The substitution method is a powerful technique used mainly to simplify solving differential equations, especially when dealing with Cauchy-Euler equations. The key idea is to substitute a variable that transforms the problem into a more manageable form. In this case, we substitute the variable \( x = e^t \). This particular choice is beneficial as it helps convert a Cauchy-Euler equation into a differential equation with constant coefficients, which are easier to solve.Here's how it works: by substituting \( x = e^t \), we can turn the problem’s non-constant coefficients into constants. We then utilize the chain rule to rewrite derivative expressions in terms of \( t \) rather than \( x \). For example:

• \( y' = \frac{1}{e^t} \frac{dy}{dt} \)
• \( y'' = \frac{d}{dx}(\frac{1}{x} \frac{dy}{dt}) \)

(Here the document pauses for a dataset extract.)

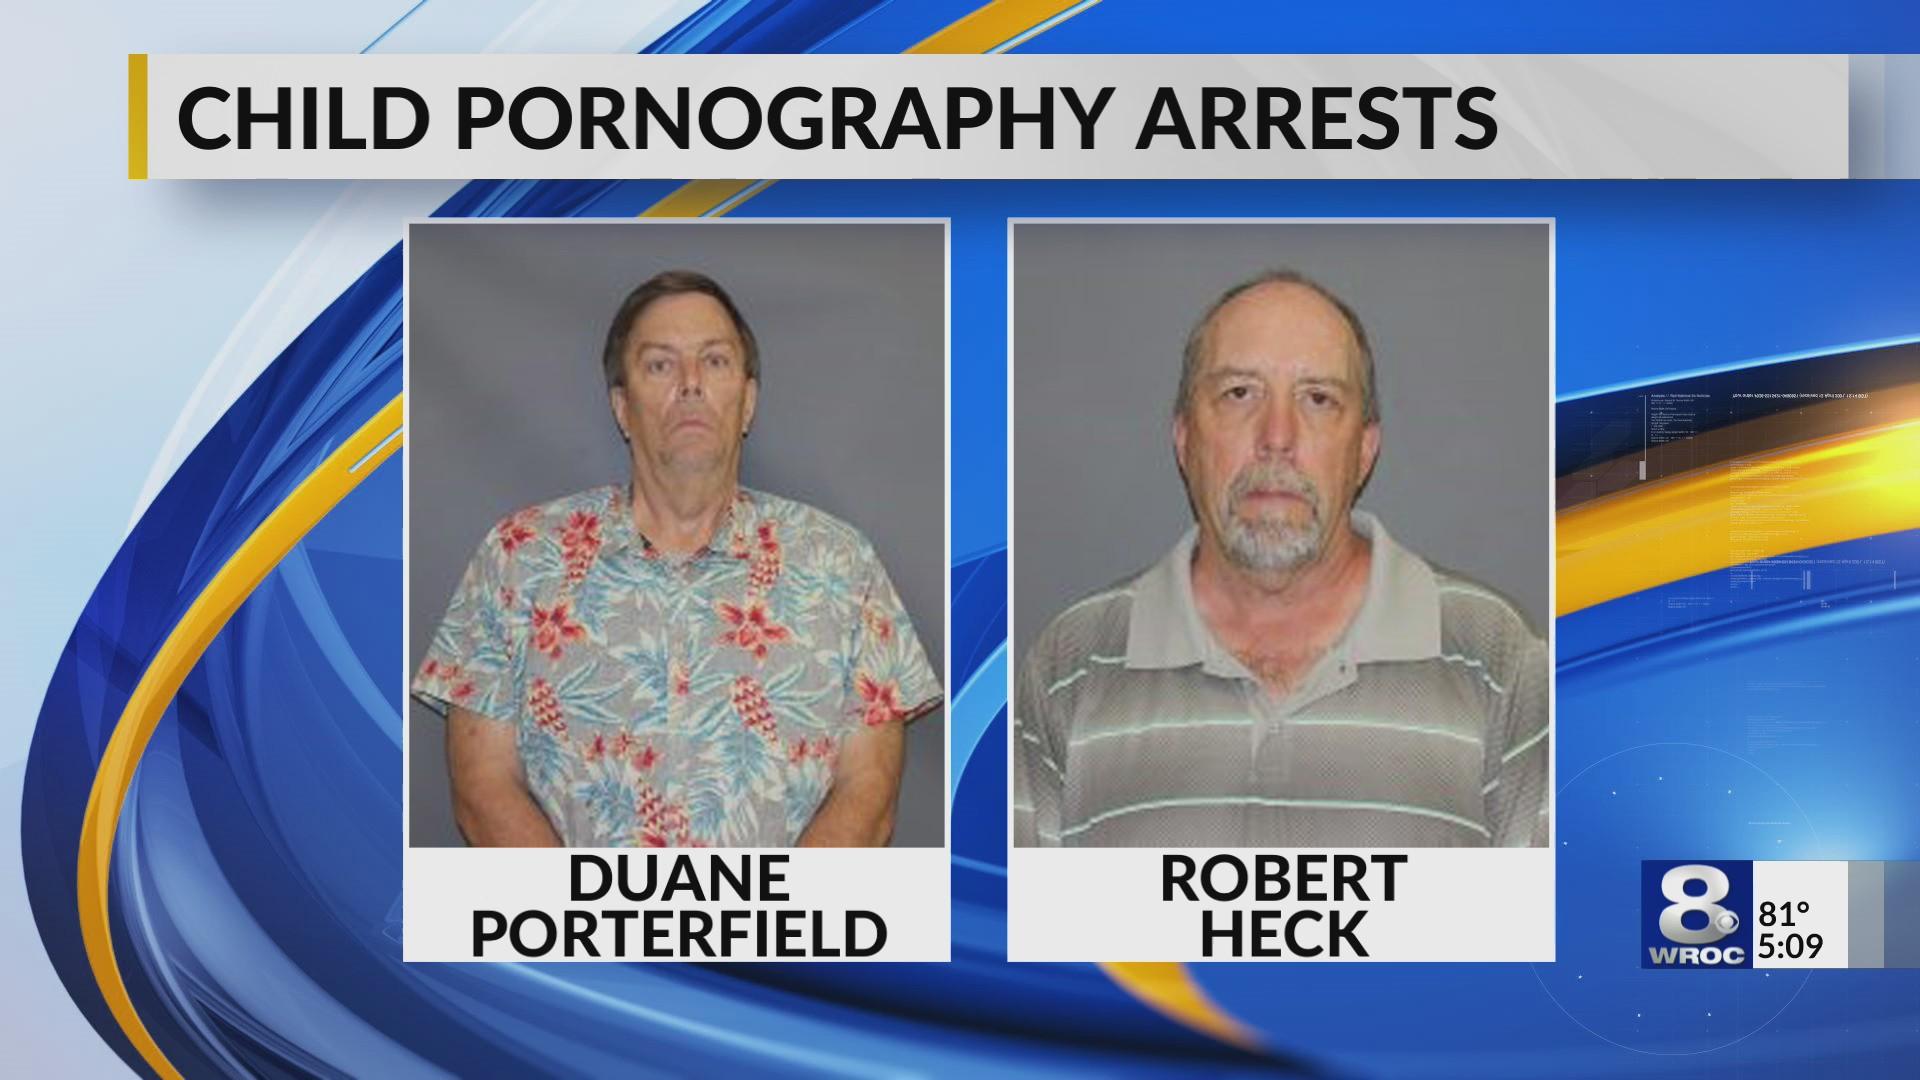 amatuer-interracial-pornography-arrests

This transformation makes the differential equation more straightforward to solve.

Once transformed using the substitution \( x = e^t \), a Cauchy-Euler equation turns into a differential equation with constant coefficients. These types of differential equations are much simpler to handle.The general form of a linear differential equation with constant coefficients is:\[ a_n y^{(n)} + a_{n-1} y^{(n-1)} + \cdots + a_1 y' + a_0 y = g(t) \]where each \( a_i \) is a constant, and \( g(t) \) is a known function.Solving these equations involves finding both a homogeneous solution, where \( g(t) = 0 \), and a particular solution, where \( g(t) \) is not zero. The sum of these solutions gives the general solution for the differential equation.

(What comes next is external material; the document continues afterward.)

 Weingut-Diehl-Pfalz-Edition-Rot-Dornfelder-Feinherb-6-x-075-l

The characteristic equation is a polynomial equation derived from the differential equation when we assume solutions of a specific exponential form. For a linear differential equation with constant coefficients, we assume solutions of the form \( y(t) = e^{rt} \).Substituting this assumed solution into the homogeneous differential equation and factoring out \( e^{rt} \) gives us the characteristic equation. For the given problem, transforming the Cauchy-Euler equation resulted in:\[ y_{tt} + 9y_t + 8y = 0 \]which translates to the characteristic equation:\[ r^2 + 9r + 8 = 0 \]Solving this quadratic equation, typically through factoring or the quadratic formula, provides roots that help construct the solution to the homogeneous part of the differential equation.

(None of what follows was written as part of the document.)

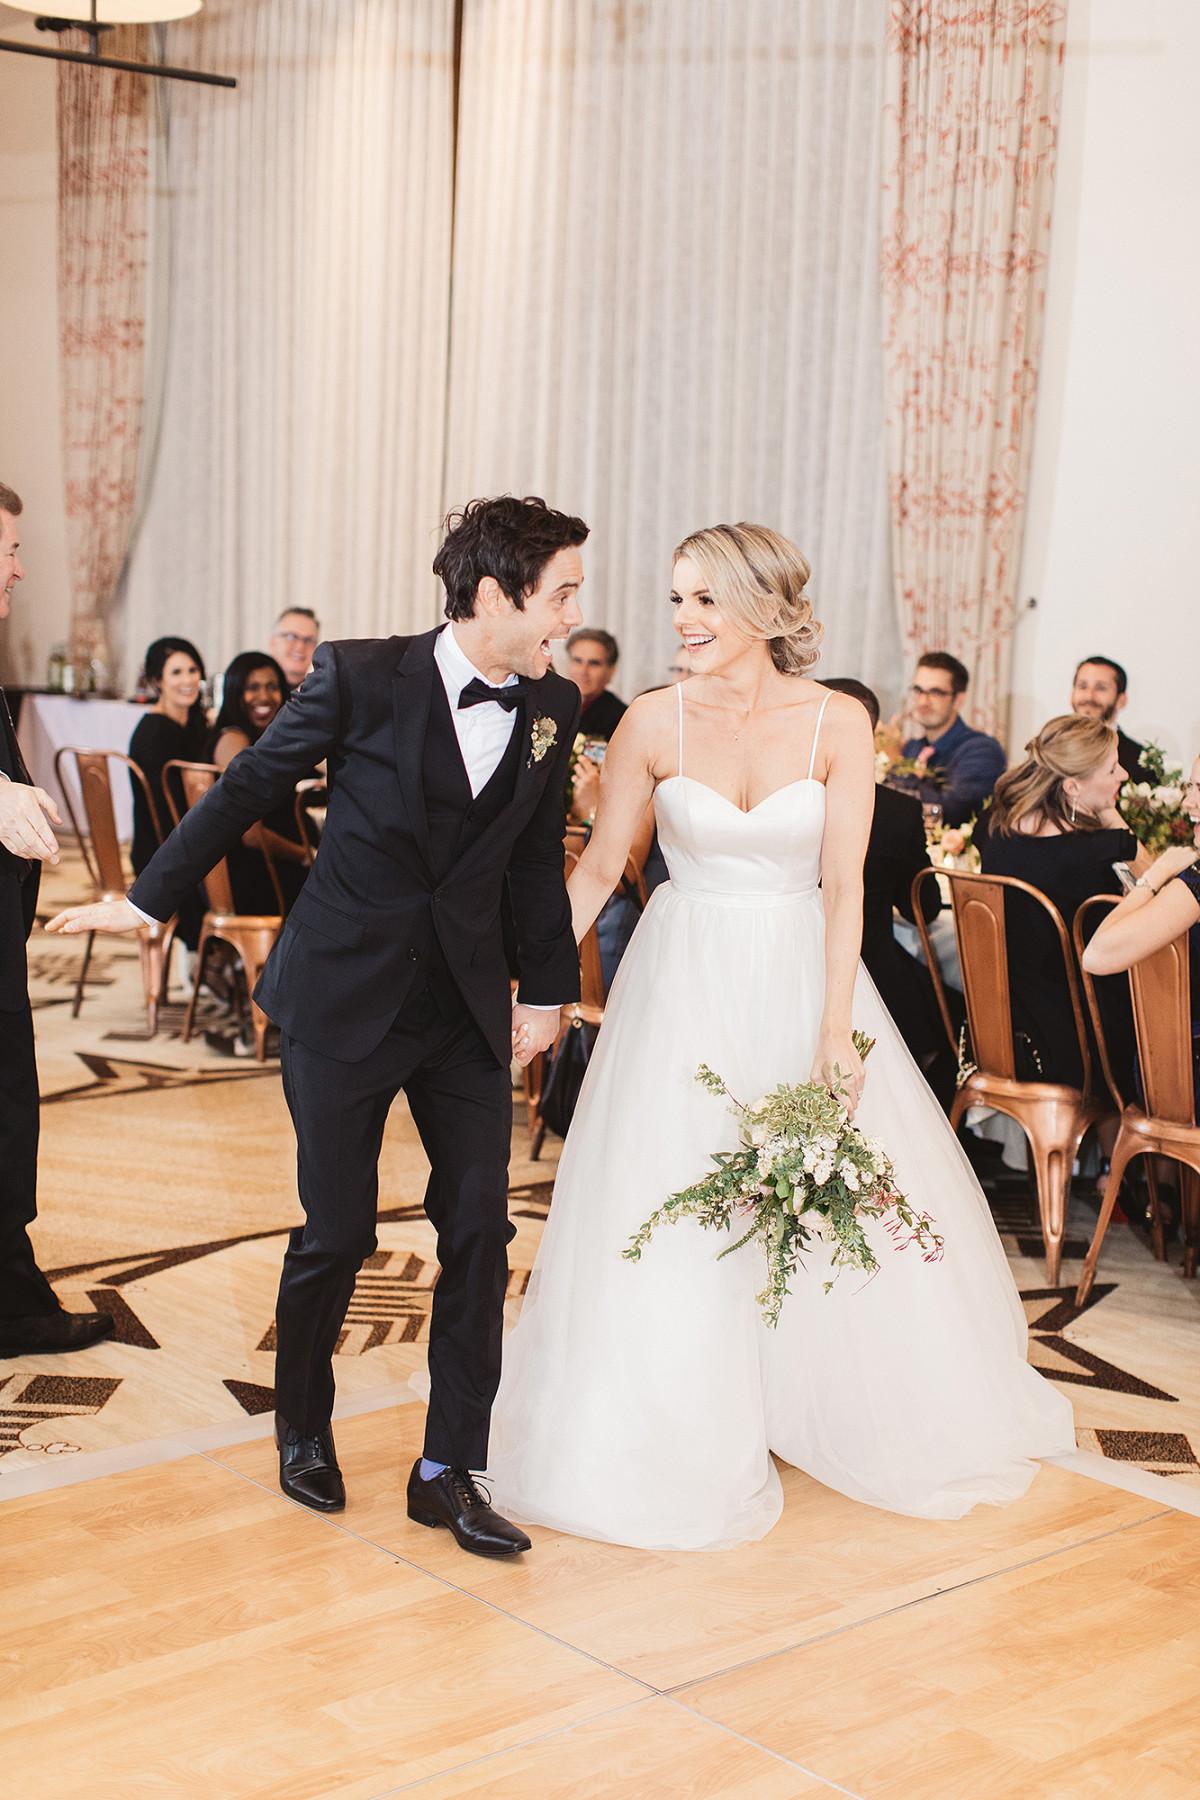 Ali Fedotowsky + Kevin Manno - In Moonlight Bridal

To solve the inhomogeneous differential equation, we utilize the method of undetermined coefficients. This involves guessing a form for the particular solution \( y_p(t) \) based on the right-hand side non-homogeneous term. Here, since the non-homogeneous part is \( e^{2t} \), we propose a solution like \( y_p = A e^{2t} \).We then calculate the derivatives of this guess:

• \( y_{pt} = 2A e^{2t} \)
• \( y_{ptt} = 4A e^{2t} \)

Substituting these into the differentiated equation allows us to solve for the unknown coefficient \( A \). So, for the example, we find:\[ 4A + 18A + 8A = 1 \]Solving this gives \( A = \frac{1}{30} \), leading to the particular solution:\[ y_p = \frac{1}{30} e^{2t} \]This determined coefficient completes our general solution, entwining both the homogeneous and particular solutions to form the overall response to the original equation.